What files are opened by PID 14554?
# lsof -p 14554
Who’s looking at the password file?
# lsof /etc/passwd
Recipe #10: Repeat Mode
The -r switch puts lsof in repeat mode. It delays every 15 seconds (unless specified), and displays another listing.
Watching a user’s open files every 5 seconds:
# lsof -u badcop -r5
Monitoring the password file:
# lsof /etc/passwd -r 2
Recipe #11: Finding Deleted Open Files
This recipe was added on 26/Mar/06 after an anonymous poster left a comment regarding deleted files.
One of the most annoying problems is a file-system quickly running out of space, without a hint of what file is responsible for it. This happens when a file (usually a log-file), gets deleted while it’s still being written to. When you delete an open file, the kernel unlinks the file from the directory, but cannot remove the inode, since it’s still open.
This causes the file to continue to grow, with no trace of its existance anywhere. Well… almost anywhere.
Lsof provides the +L parameter to list the number of link counts an open file has. When followed by a number, lsof only displays files with link counts less thatn the specified number.
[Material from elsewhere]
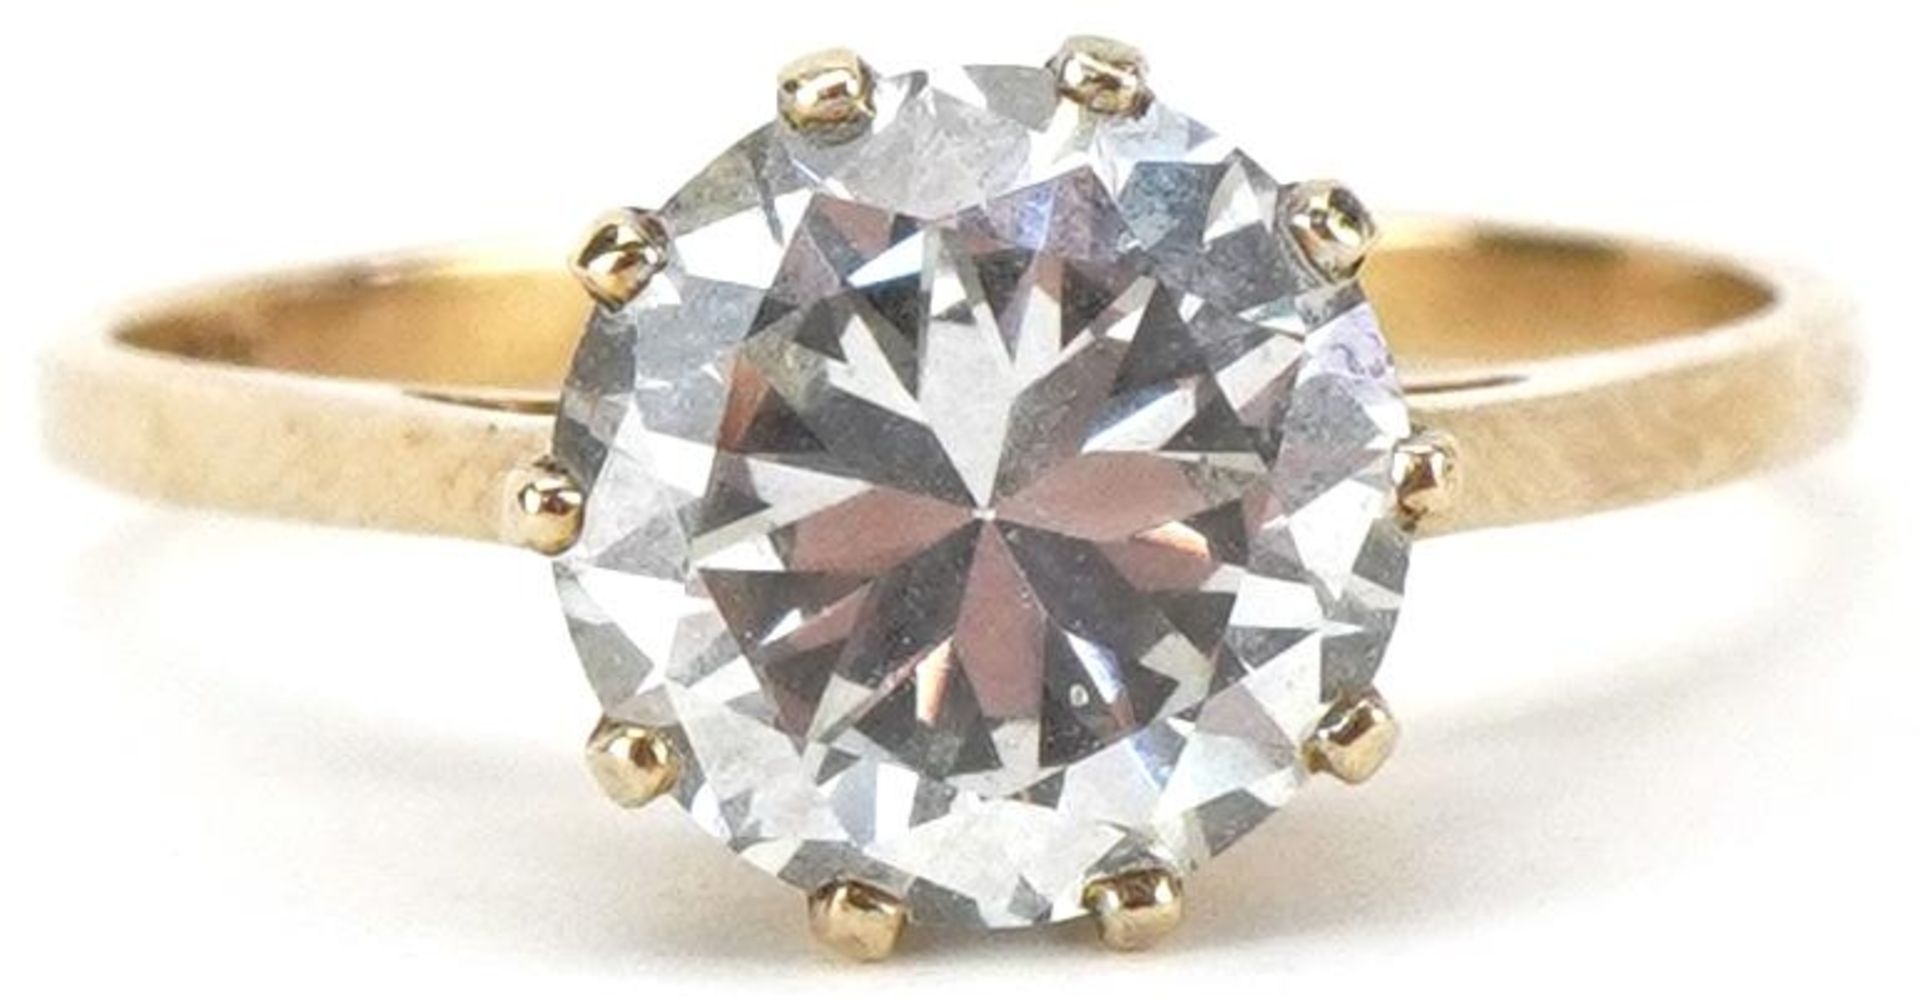 9ct gold cubic zirconia solitaire ring, the cubic zirconia approximately 8.10mm in diameter x 5.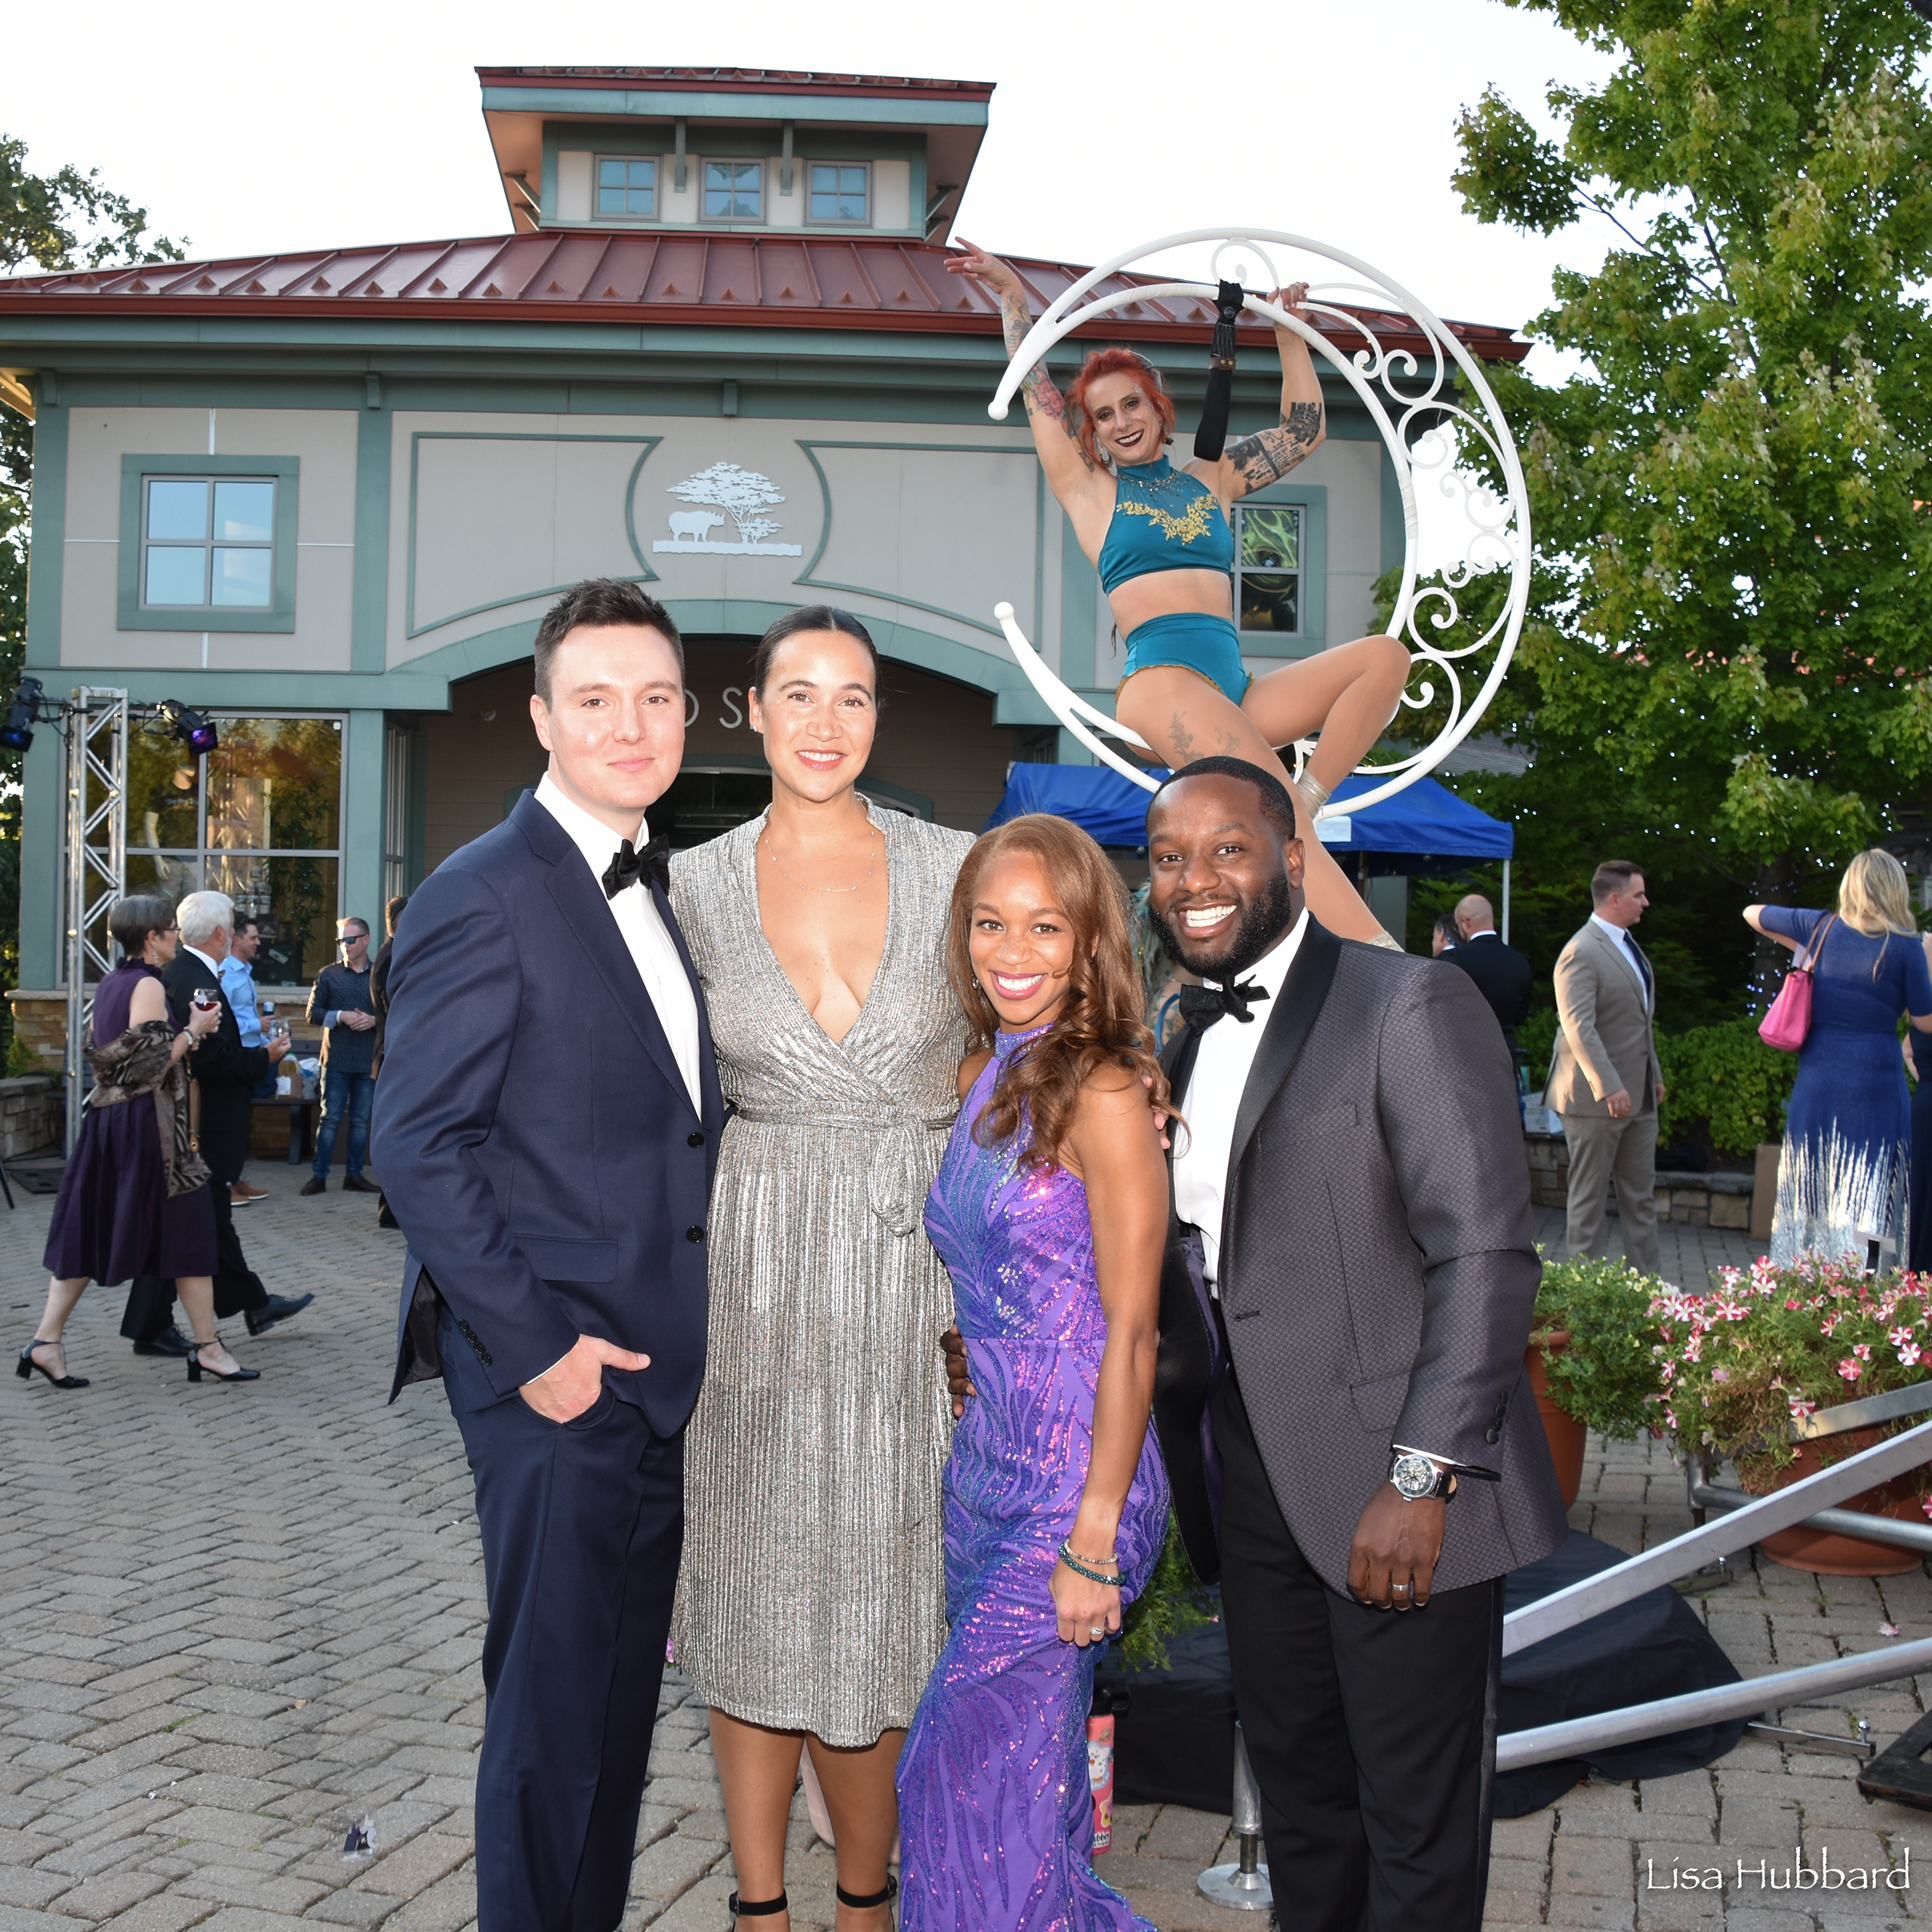 group of 4 people in formal attire posing for a picture in front of a acrobat woman sittin in a moon shaped lollipop stand

mohit@reddwarf ~ $ lsof +L3
COMMAND PID USER FD TYPE DEVICE SIZE NLINK NODE NAME
sshd 11540 mohit mem REG 3,69 303448 1 85869 /usr/sbin/sshd
sshd 11540 mohit mem REG 3,65 35404 1 94075 /lib/libnss_nis-2.3.5.so
sshd 11540 mohit mem REG 3,65 30928 1 94086 /lib/libnss_compat-2.3.5.so
sshd 11540 mohit mem REG 3,65 35236 1 93958 /lib/libnss_files-2.3.5.so
sshd 11540 mohit mem REG 3,65 28444 1 94094 /lib/libcrack.so.2.8.0
A deleted file has zero links. So the following command displays deleted-but-open files on a system.
$ lsof +L1
Display a list of deleted-but-open files within a specific filesystem.
$ lsof +aL1 /tmp
Finally
We barely scratched the surface with the above recipes, but as you can see, lsof is a powerful troubleshooting tool. I’d be interested in learning what other users do with lsof. Toy with it, tinker with it, use it and let me know how it has helped you.